_SUPPLIED RECORDS_
◆ ◆ ◆
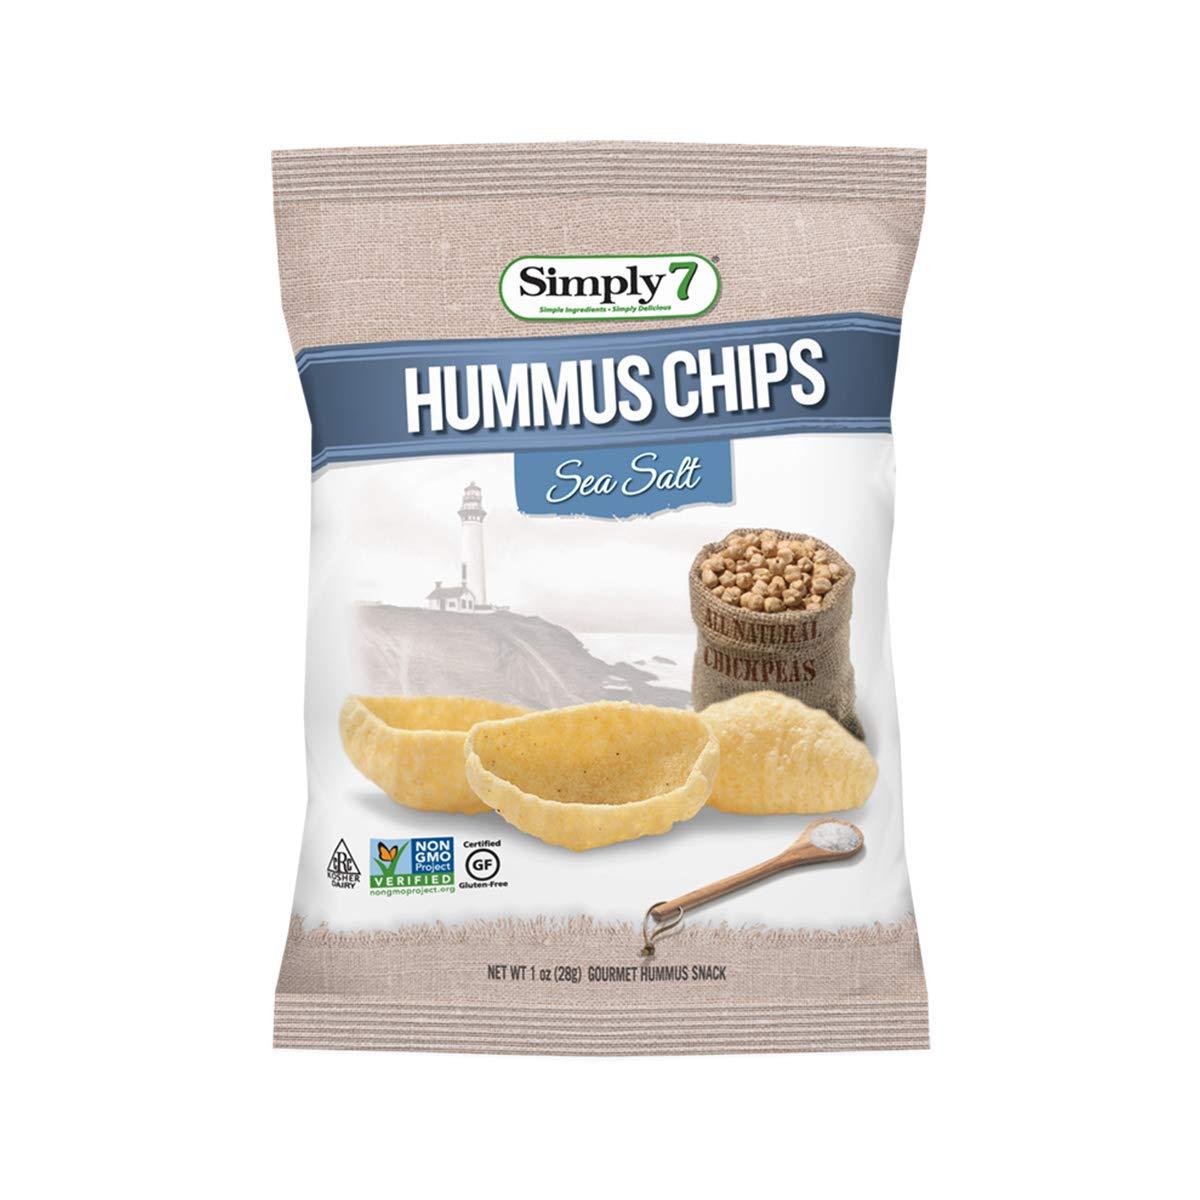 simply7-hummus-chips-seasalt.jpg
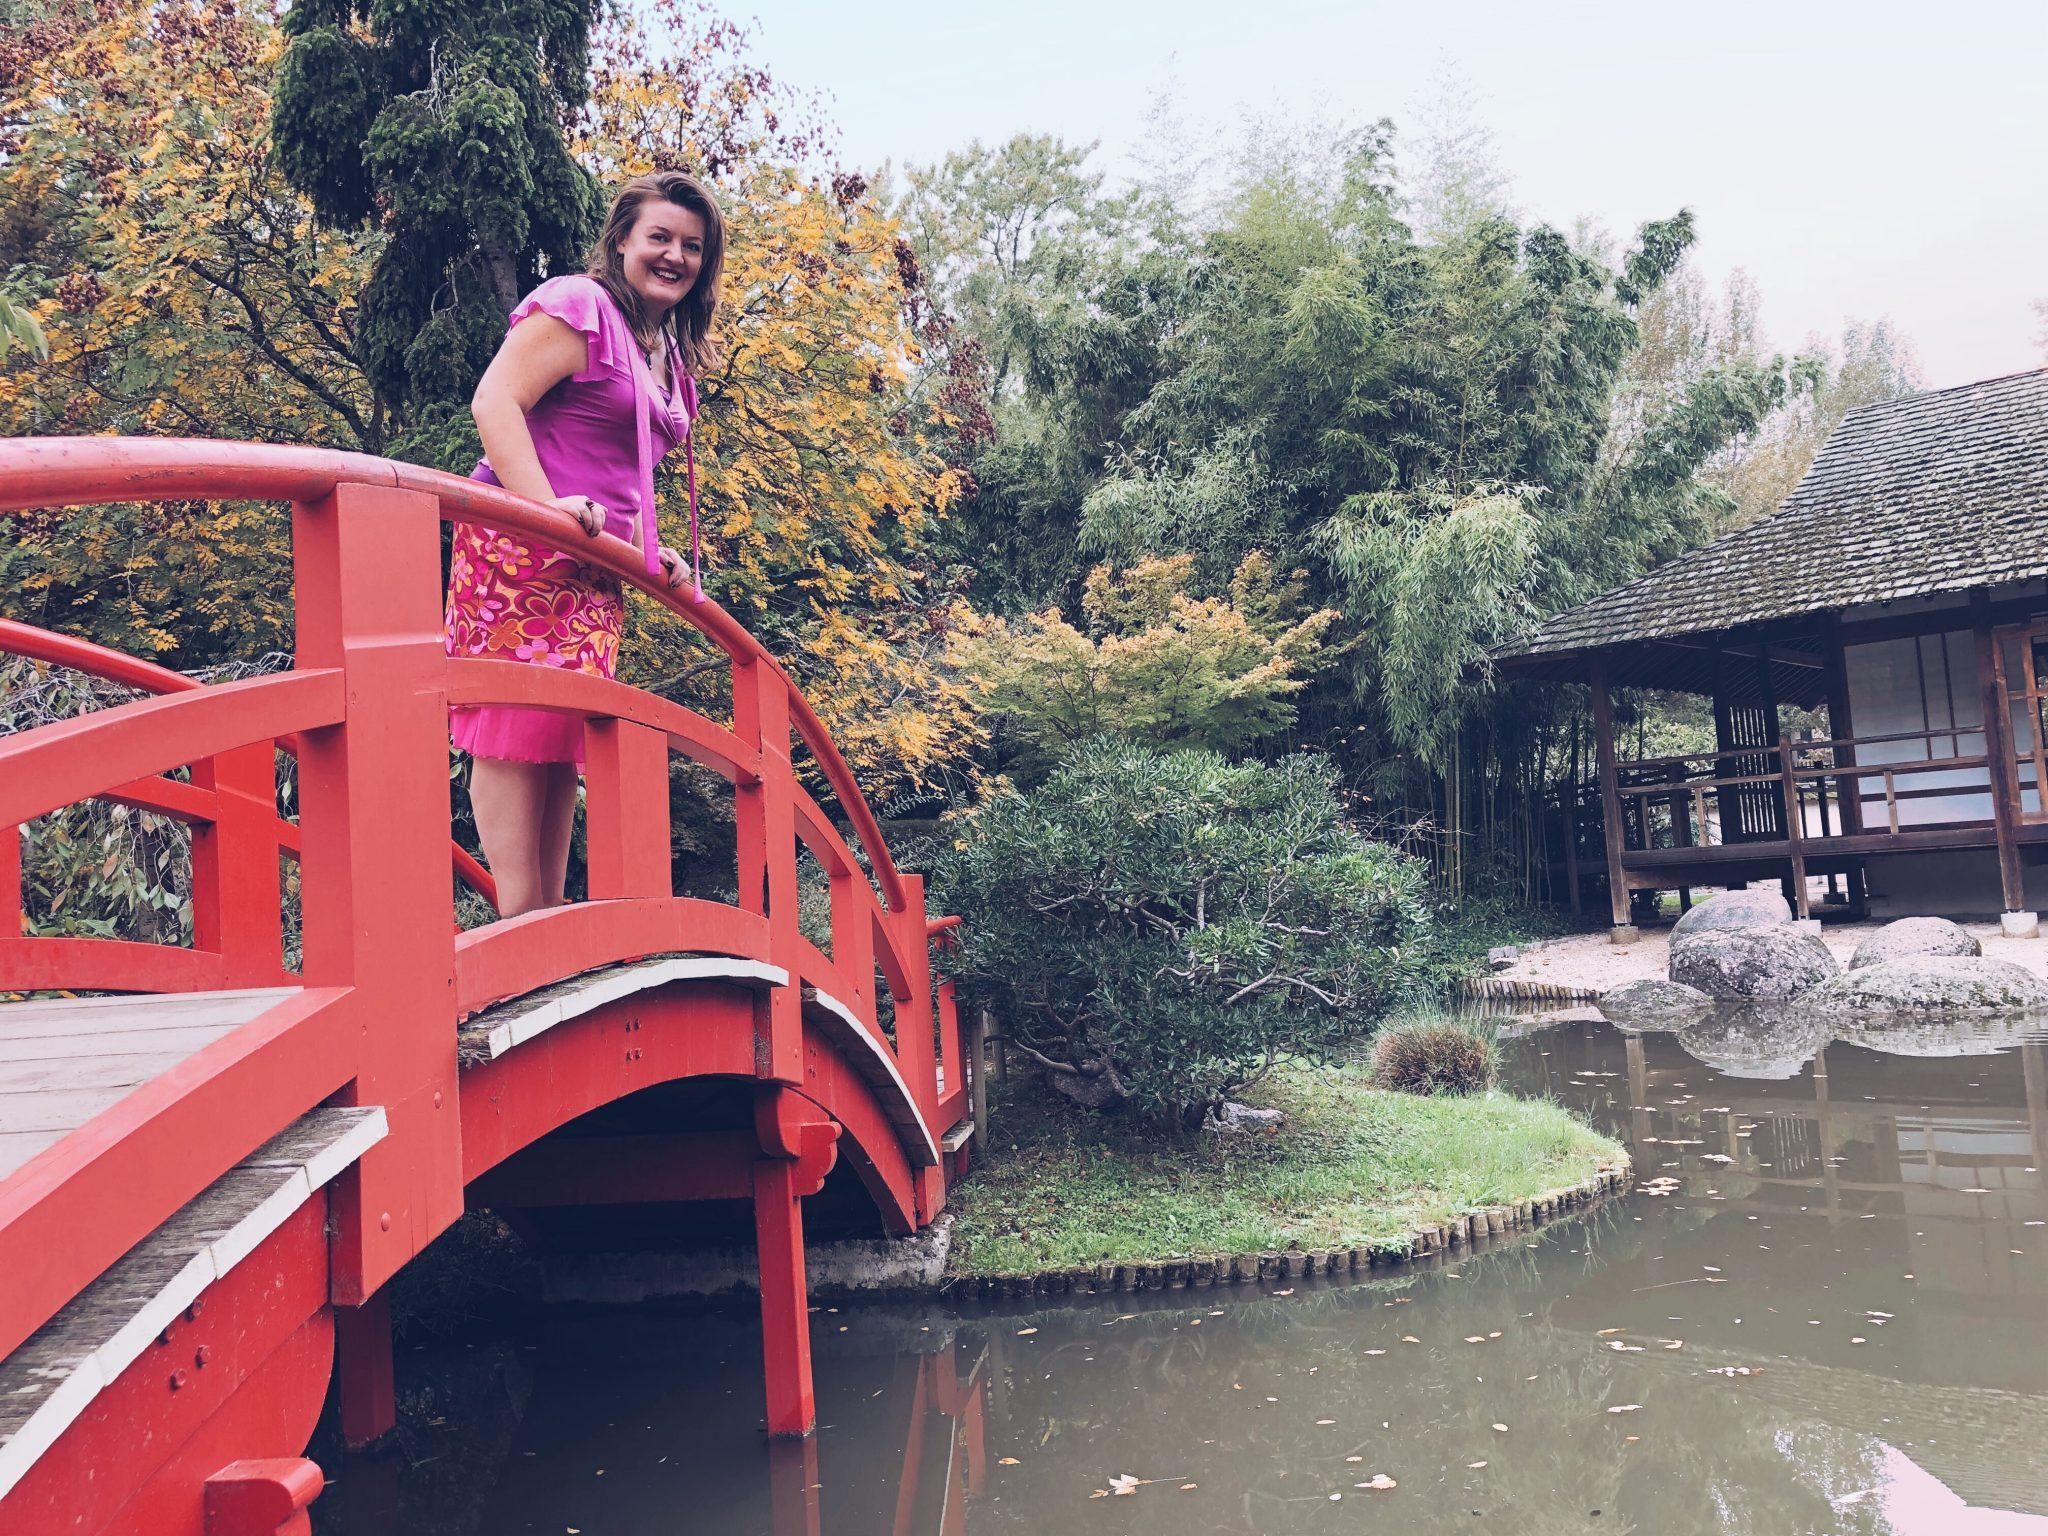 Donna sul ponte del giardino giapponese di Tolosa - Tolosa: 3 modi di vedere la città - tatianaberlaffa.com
◆ ◆ ◆
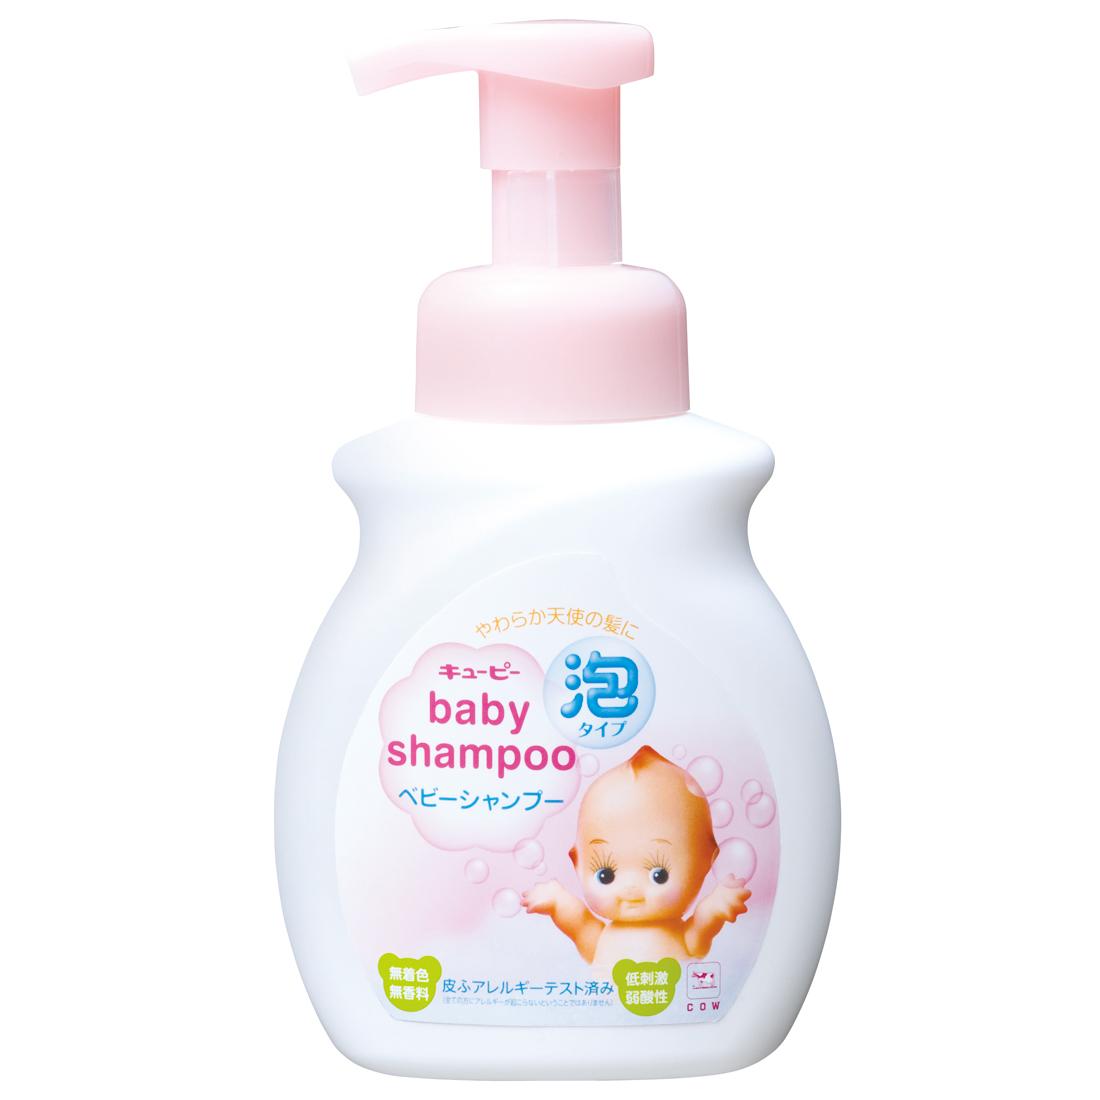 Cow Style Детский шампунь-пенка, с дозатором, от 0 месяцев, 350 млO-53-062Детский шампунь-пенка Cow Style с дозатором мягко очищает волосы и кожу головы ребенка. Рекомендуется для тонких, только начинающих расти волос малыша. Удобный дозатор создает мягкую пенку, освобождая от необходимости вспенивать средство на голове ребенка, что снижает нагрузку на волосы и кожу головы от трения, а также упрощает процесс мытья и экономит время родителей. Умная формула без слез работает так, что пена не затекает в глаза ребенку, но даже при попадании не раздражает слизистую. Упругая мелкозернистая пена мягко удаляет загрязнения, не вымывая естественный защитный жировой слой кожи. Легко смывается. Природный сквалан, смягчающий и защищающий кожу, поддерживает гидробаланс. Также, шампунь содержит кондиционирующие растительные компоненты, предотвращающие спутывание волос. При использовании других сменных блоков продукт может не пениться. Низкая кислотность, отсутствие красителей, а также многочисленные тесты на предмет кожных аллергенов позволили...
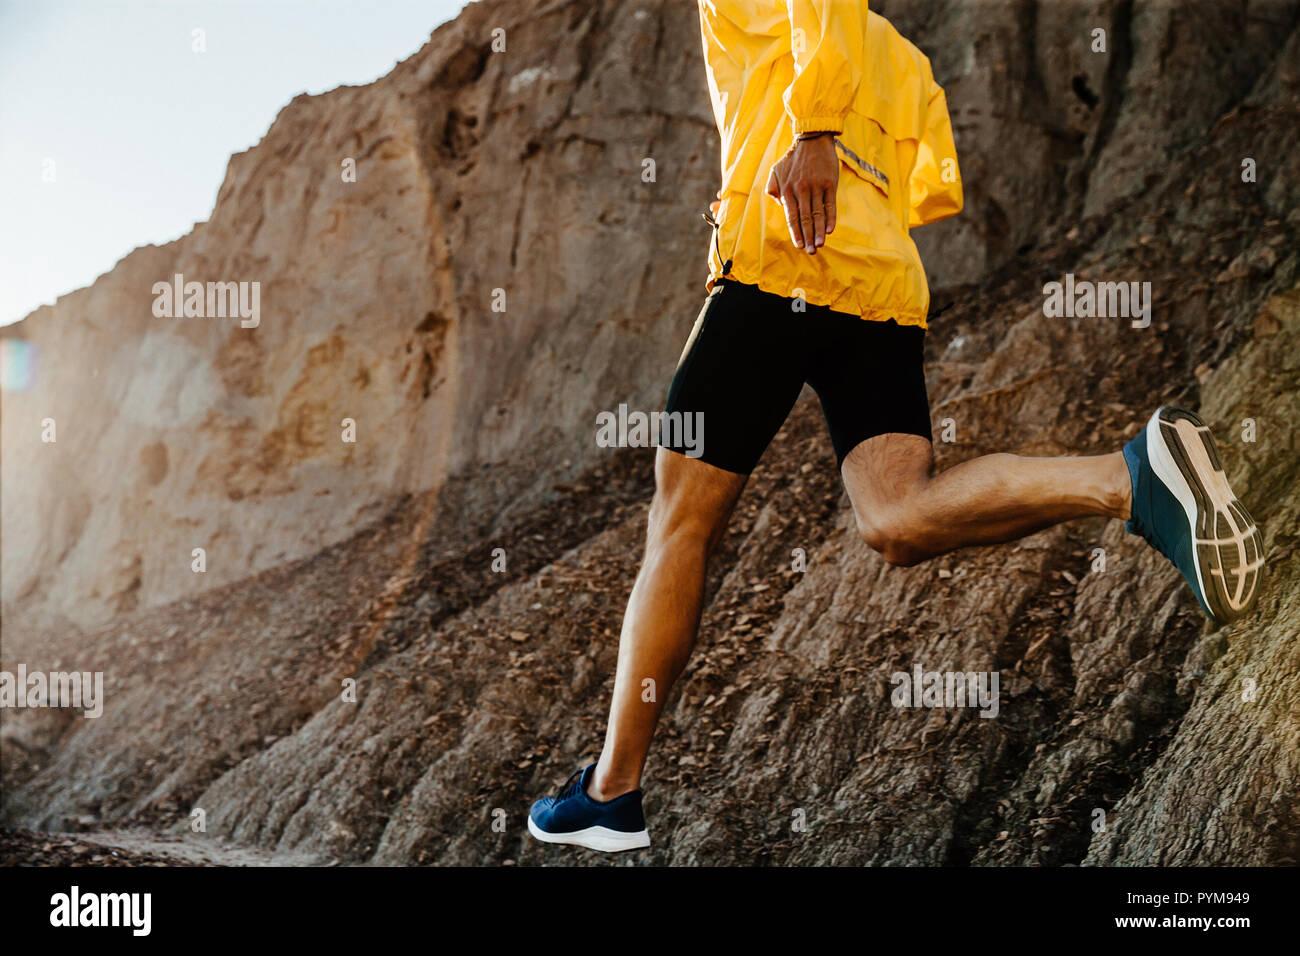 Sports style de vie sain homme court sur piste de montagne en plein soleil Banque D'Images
◆ ◆ ◆
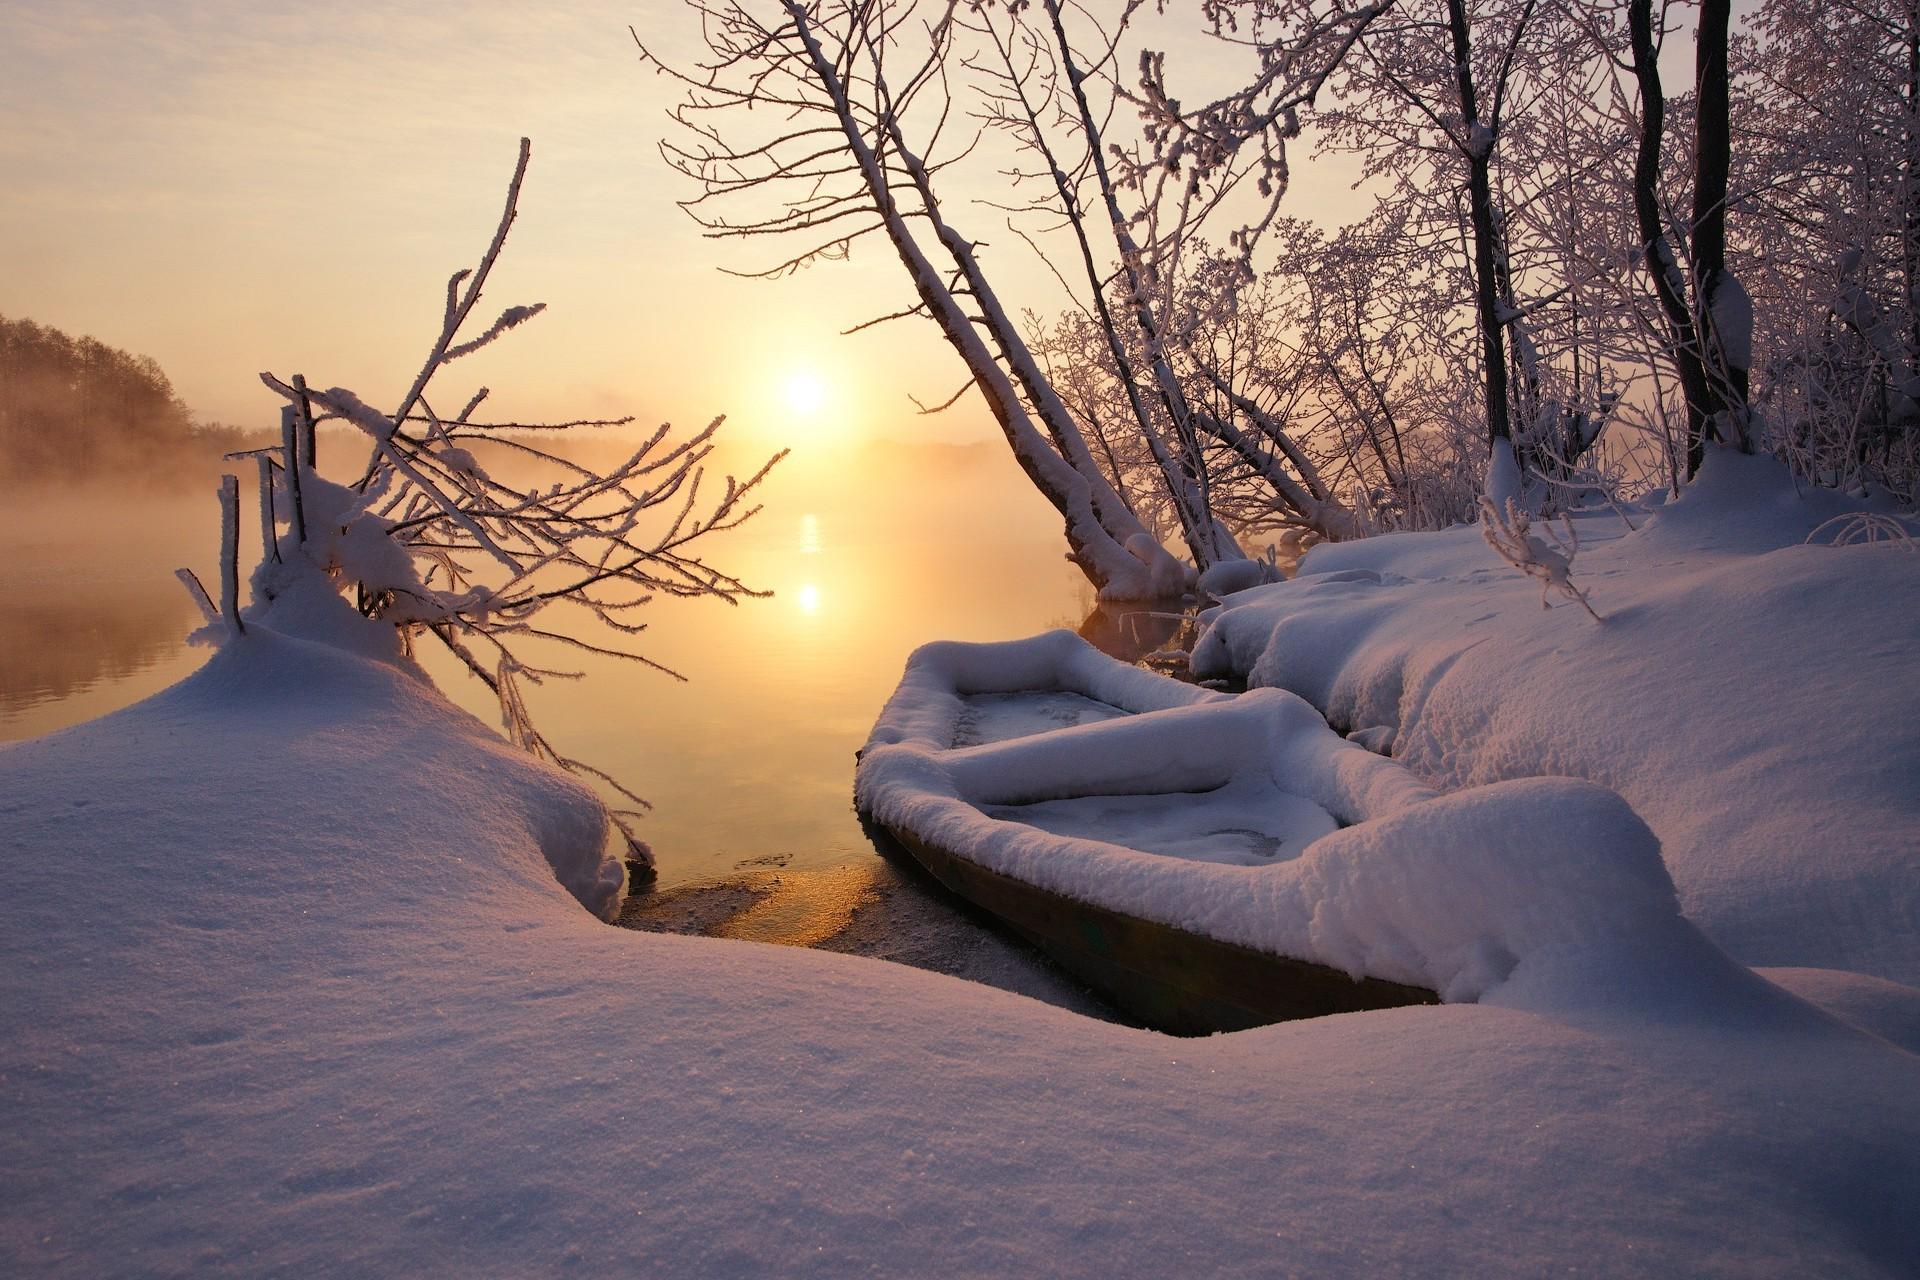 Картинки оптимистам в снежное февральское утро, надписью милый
◆ ◆ ◆
_TASK BRIEF_
Look above for the line with "simply7-hummus-chips-seasalt.jpg" and the line with "Donna sul ponte". Give again exactly those two lines and all lines between them, pictures excluded.

_RESULT FOR THIS EXERCISE_
 simply7-hummus-chips-seasalt.jpg
 Donna sul ponte del giardino giapponese di Tolosa - Tolosa: 3 modi di vedere la città - tatianaberlaffa.com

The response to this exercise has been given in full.